Published in final edited form as: Org Lett. 2011 May 26;13(12):3222–3225. doi: 10.1021/ol2011242

Acetoxy Meldrum’s Acid: A Versatile Acyl Anion Equivalent in the Pd-Catalyzed Asymmetric Allylic Alkylation

Barry M Trost 1,*, Maksim Osipov 1, Philip S J Kaib 1, Mark T Sorum 1
PMCID: PMC3144701  NIHMSID: NIHMS299905  PMID: 21615099

Abstract

graphic file with name nihms299905u1.jpg

Acetoxy Meldrum’s acid can serve as a versatile acyl anion equivalent in the Pd-catalyzed asymmetric allylic alkylation. The reaction of this nucleophile with various meso and racemic electrophiles afforded alkylated products in high yields and enantiopurities. These enantioenriched products are versatile intermediates that can be further functionalized using nitrogen– and oxygen–centered nucleophiles, affording versatile scaffolds for the synthesis of nucleoside analogues. These scaffolds were used to complete formal syntheses of the anti-HIV drugs carbovir, abacavir, and the antibiotic aristeromycin.

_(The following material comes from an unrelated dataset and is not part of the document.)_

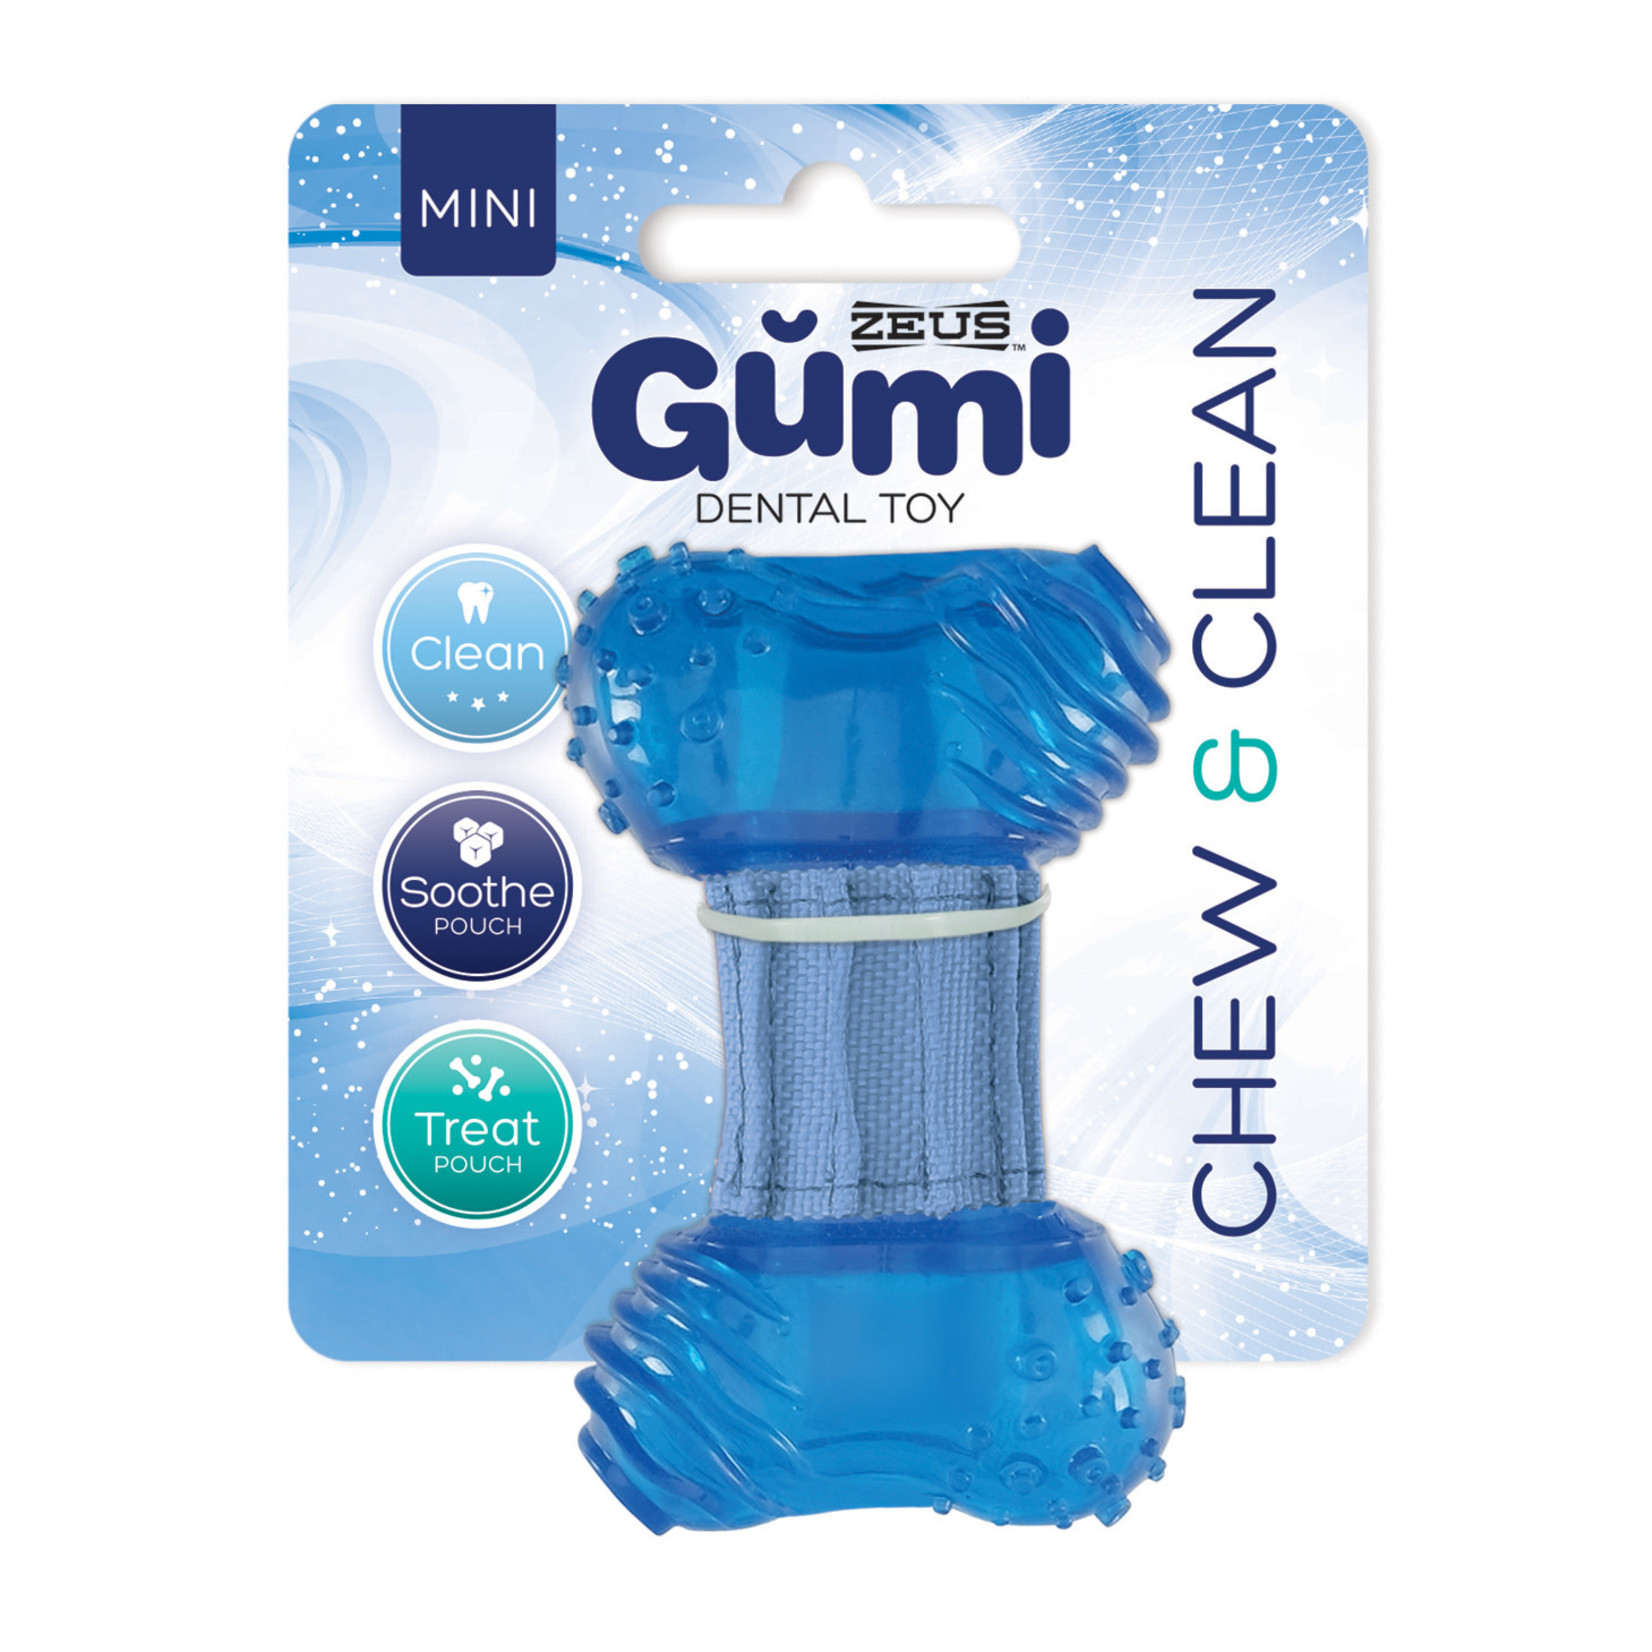 ZEUS (W) Zeus Gumi Dental Dog Toy - Chew & Clean - Mini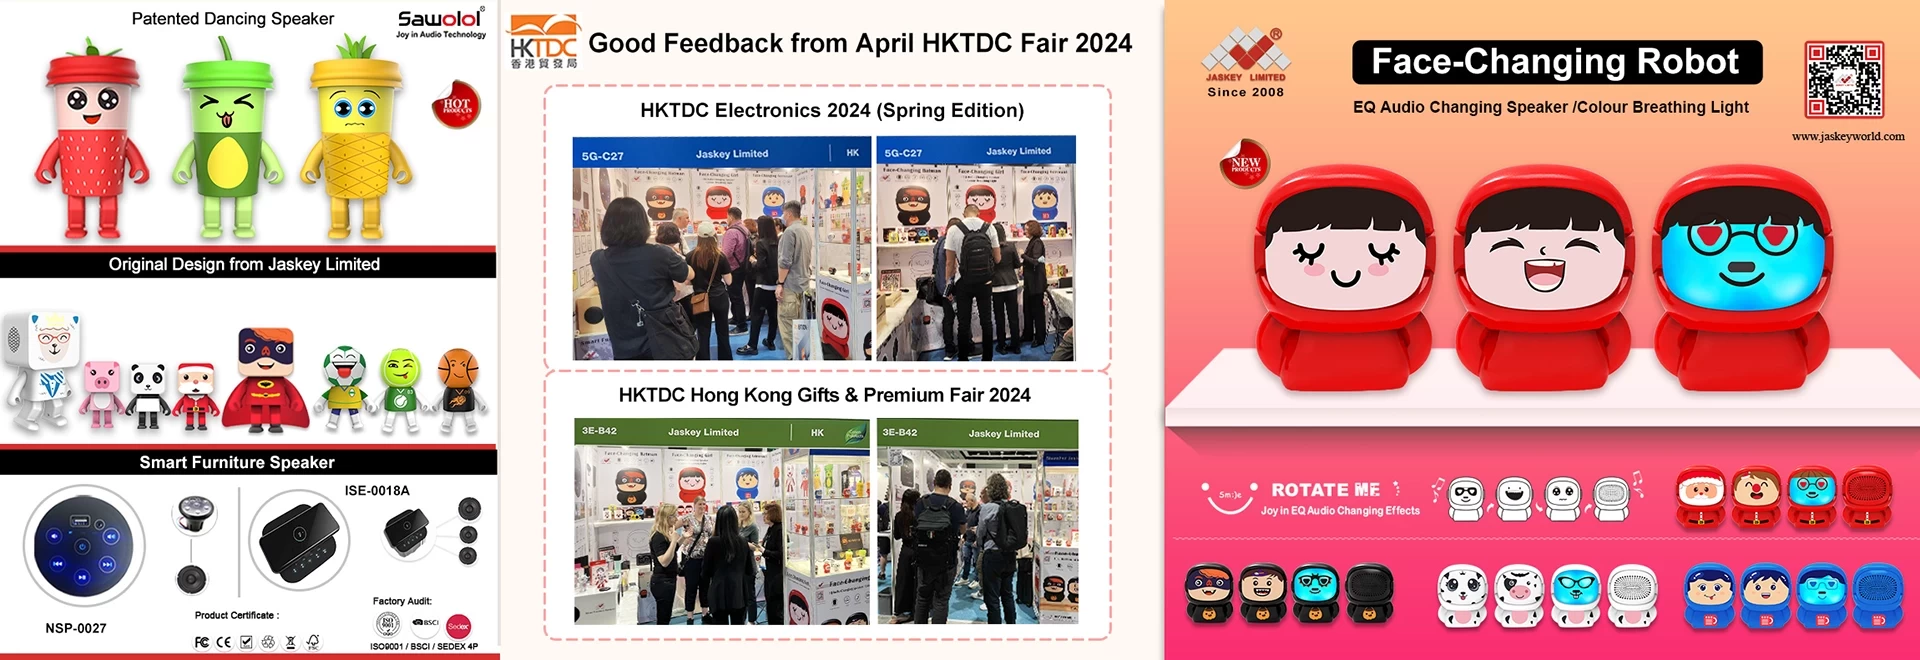 Gutes Feedback von der HKTDC Electronics 2024 (Spring Edition) und der Gifts & Premium Fair

The high therapeutic value of nucleoside analogues in the treatment of viral infections including hepatitis, the herpes virus, and HIV is unquestionable.1 Nucleoside analogues inhibit viral replication by acting as non-specific chain terminators during DNA transcription. However, the high propensity for resistance caused by viral mutation necessitates the development of new nucleoside analogues.2 Current methods for the synthesis of furanose nucleoside analogues rely on carbohydrate precursors, which are only available as the D-enantiomer from natural sources.3 The use of highly oxygenated carbohydrate starting materials also requires the extensive use of protecting groups which reduces synthetic efficiency (Figure 1). Carbanucleosides, which contain a methylene group in place of the furanose oxygen, are synthesized using chiral pool strategies and enzymatic resolution, limiting access to both enantiomers.4

Figure 1.

Figure 1

Strategies to access nucleoside analogues

Recently, L-nucleosides have gained increased attention for their potent antiviral activity. These compounds frequently display lower toxicity, and higher activity due to their greater metabolic stability compared to D-nucleosides.5 Hence, the development of methods that provide ready access to both enantiomers of nucleoside analogues is desirable.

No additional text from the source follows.